-- Brief --
Transcribe exactly, and only, the lines that fall between the line containing "Томат челнок: описание" and the last line of the material, both ends included, omitting any pictures.

-- Source data --
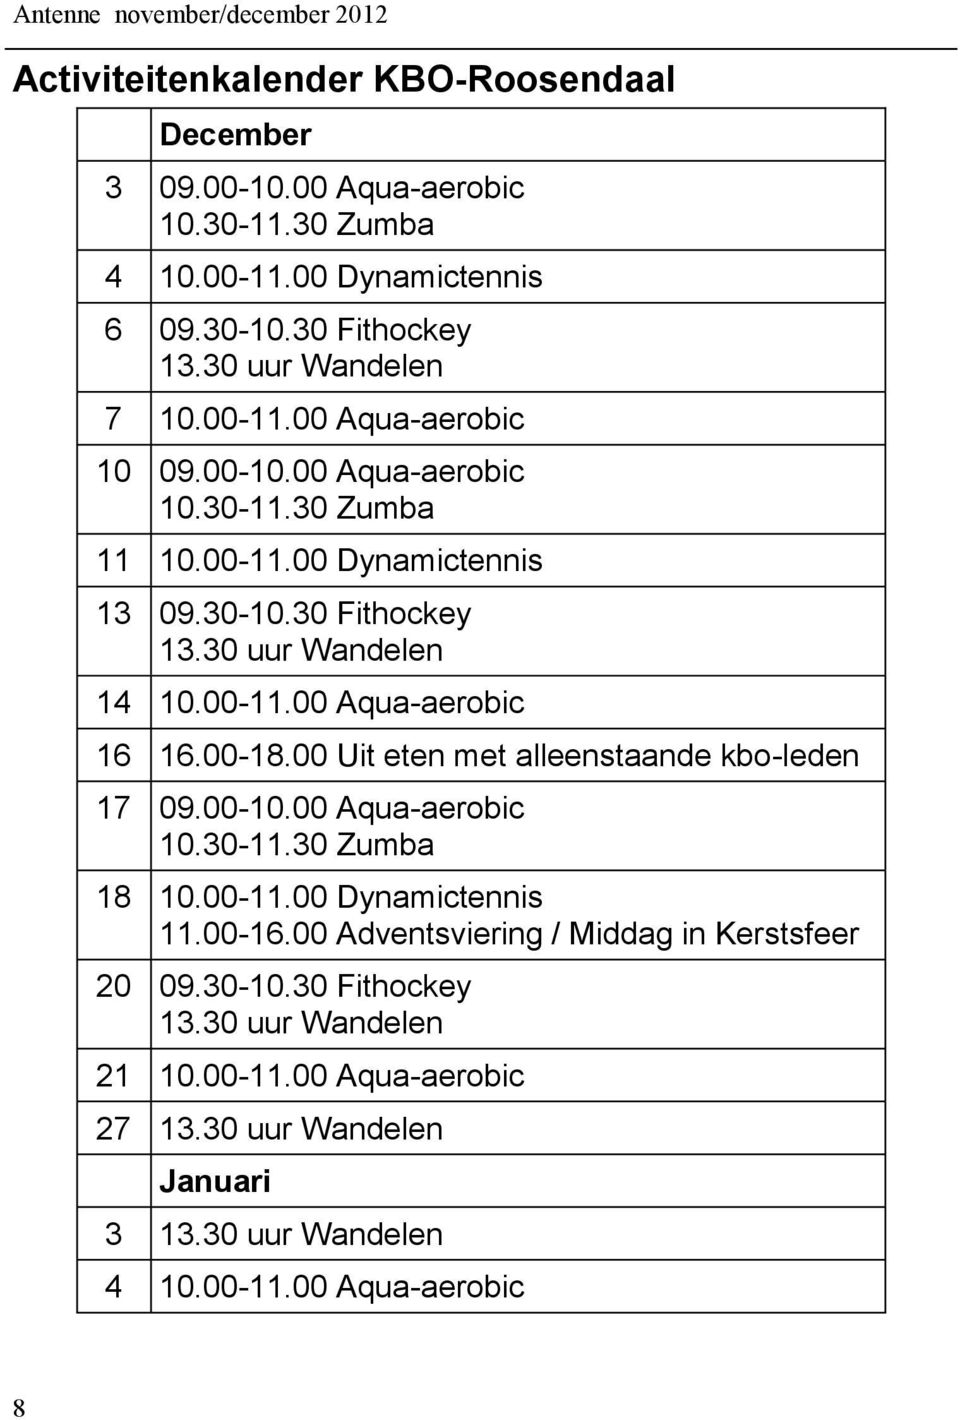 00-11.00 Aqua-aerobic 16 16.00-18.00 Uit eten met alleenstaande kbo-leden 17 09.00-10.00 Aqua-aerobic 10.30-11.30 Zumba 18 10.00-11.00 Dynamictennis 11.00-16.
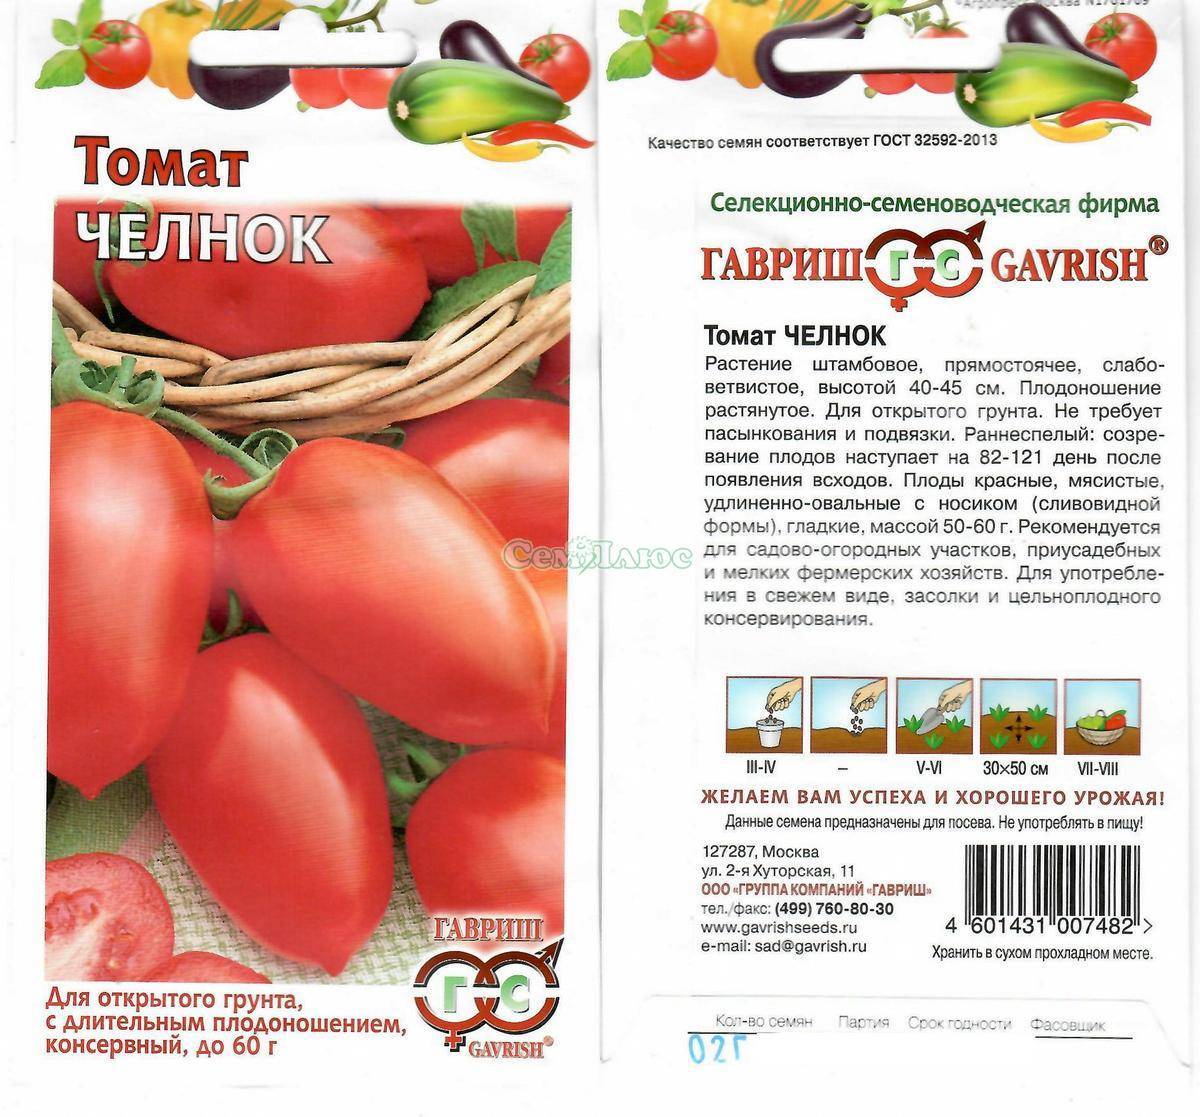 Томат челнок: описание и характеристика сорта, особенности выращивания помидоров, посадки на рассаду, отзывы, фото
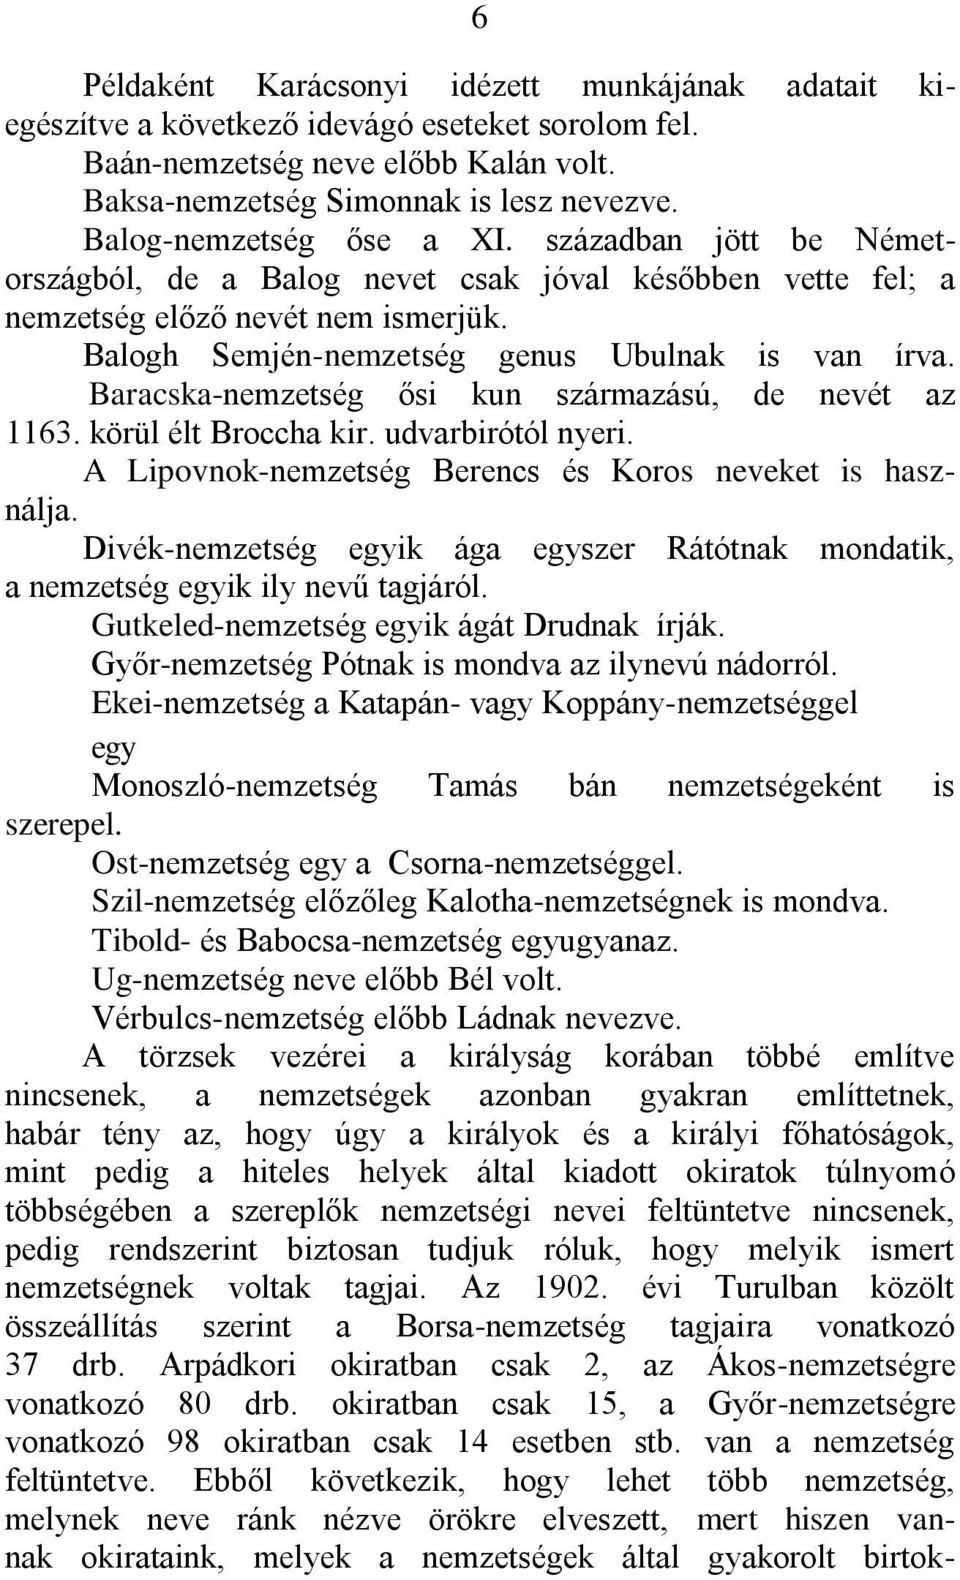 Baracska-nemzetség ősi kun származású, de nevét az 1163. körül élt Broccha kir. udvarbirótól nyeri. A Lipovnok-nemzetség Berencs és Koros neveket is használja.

-- Response to the task --
 Томат челнок: описание и характеристика сорта, особенности выращивания помидоров, посадки на рассаду, отзывы, фото
 Baracska-nemzetség ősi kun származású, de nevét az 1163. körül élt Broccha kir. udvarbirótól nyeri. A Lipovnok-nemzetség Berencs és Koros neveket is használja.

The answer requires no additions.